MEF-Explore: Communication-Constrained Multi-Robot Entropy-Field-Based Exploration
Khattiya Pongsirijinda, Zhiqiang Cao, Billy Pik Lik Lau, Ran Liu, Chau Yuen, U-Xuan Tan
TL;DR
This work tackles fast and reliable multi-robot exploration under communication constraints by introducing MEF-Explore, a distributed framework that combines a two-layer, communication-aware information-sharing strategy with an entropy-field-based exploration policy. The approach uses a dynamic graph to manage high-speed map-merging opportunities and continuous position sharing, while novel entropies blend frontier uncertainty with robot presence and attractive potential to guide exploration and trigger implicit rendezvous. A duration-adaptive goal-assignment module further stabilizes task allocation, enabling faster and more consistent exploration with higher success rates in both simulation and real-world deployments. The results demonstrate substantial improvements over state-of-the-art methods, highlighting MEF-Explore’s practical impact for real-world, communication-limited robotic teams.
Abstract
Collaborative multiple robots for unknown environment exploration have become mainstream due to their remarkable performance and efficiency.

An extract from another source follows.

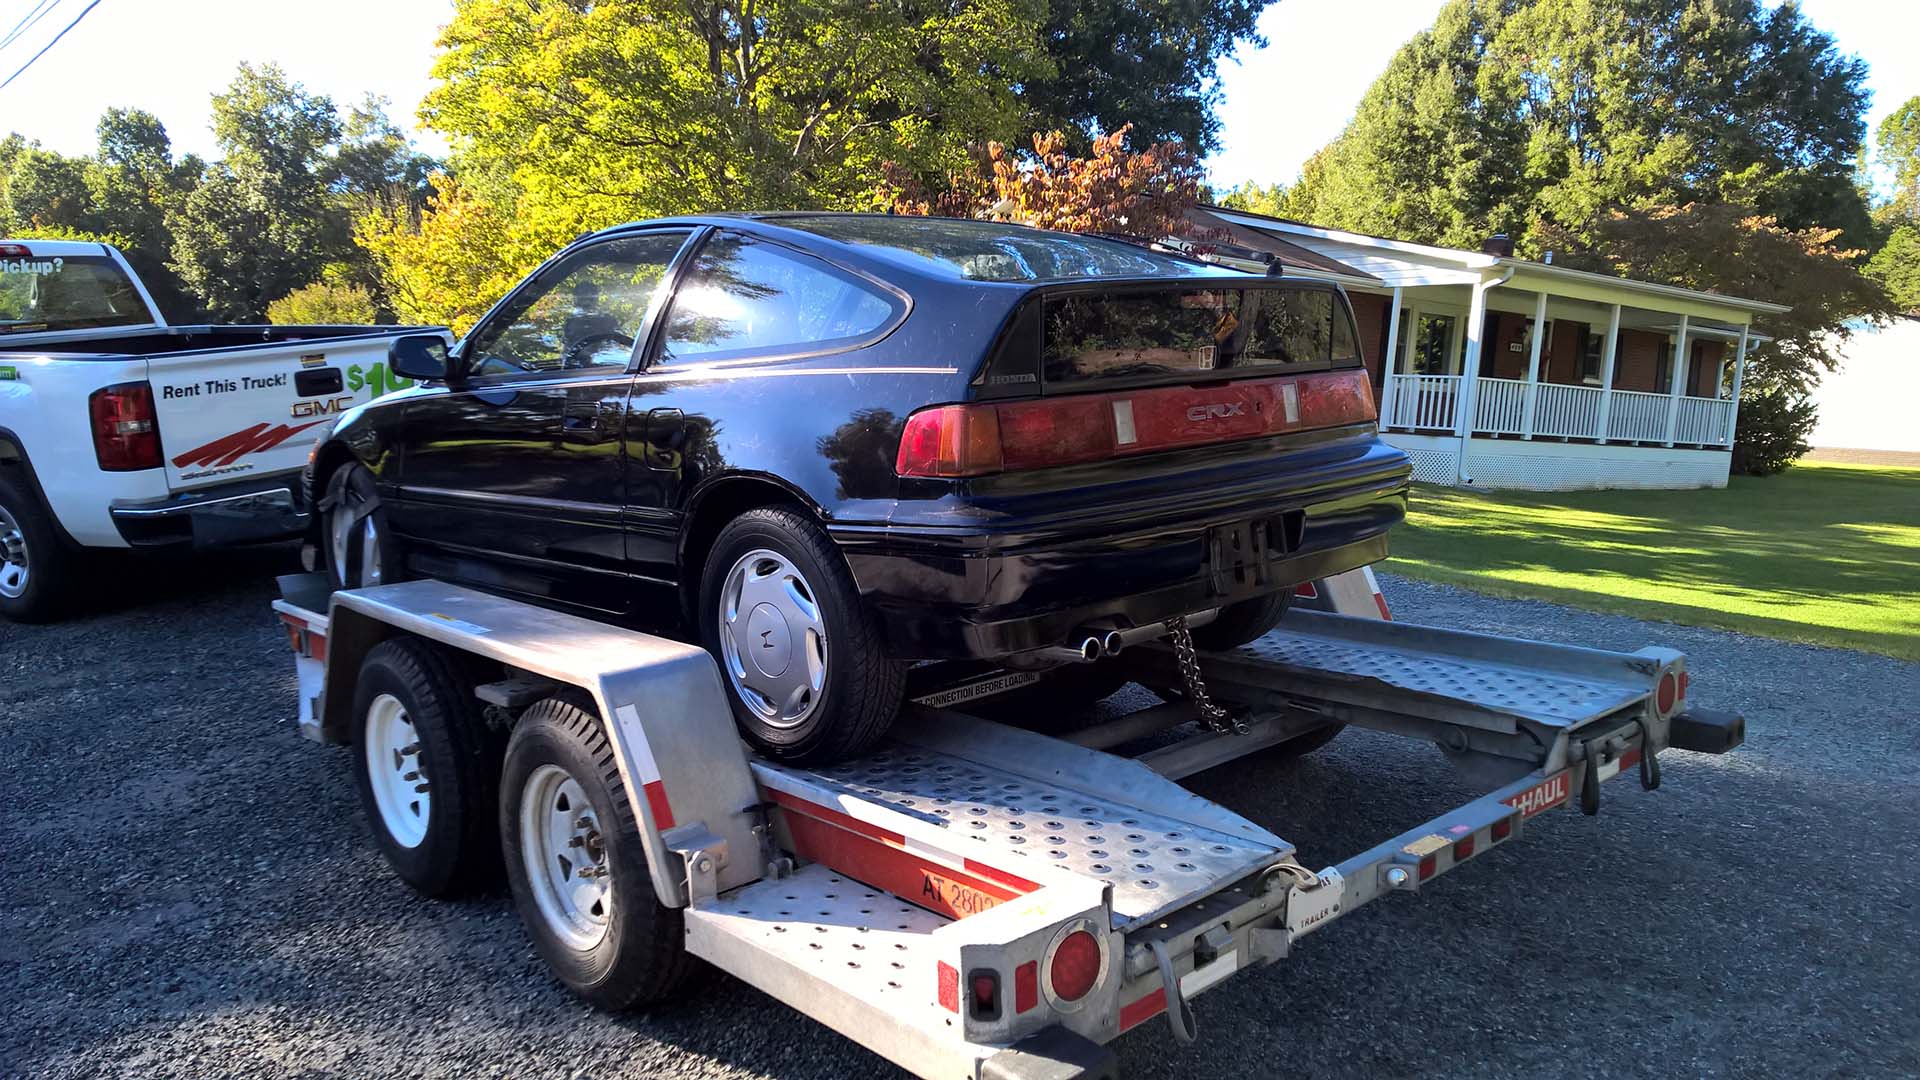 Towing the CRX

However, most existing methods assume perfect robots' communication during exploration, which is unattainable in real-world settings. Though there have been recent works aiming to tackle communication-constrained situations, substantial room for advancement remains for both information-sharing and exploration strategy aspects. In this paper, we propose a Communication-Constrained Multi-Robot Entropy-Field-Based Exploration (MEF-Explore). The first module of the proposed method is the two-layer inter-robot communication-aware information-sharing strategy. A dynamic graph is used to represent a multi-robot network and to determine communication based on whether it is low-speed or high-speed. Specifically, low-speed communication, which is always accessible between every robot, can only be used to share their current positions. If robots are within a certain range, high-speed communication will be available for inter-robot map merging. The second module is the entropy-field-based exploration strategy. Particularly, robots explore the unknown area distributedly according to the novel forms constructed to evaluate the entropies of frontiers and robots. These entropies can also trigger implicit robot rendezvous to enhance inter-robot map merging if feasible. In addition, we include the duration-adaptive goal-assigning module to manage robots' goal assignment. The simulation results demonstrate that our MEF-Explore surpasses the existing ones regarding exploration time and success rate in all scenarios. For real-world experiments, our method leads to a 21.32% faster exploration time and a 16.67% higher success rate compared to the baseline.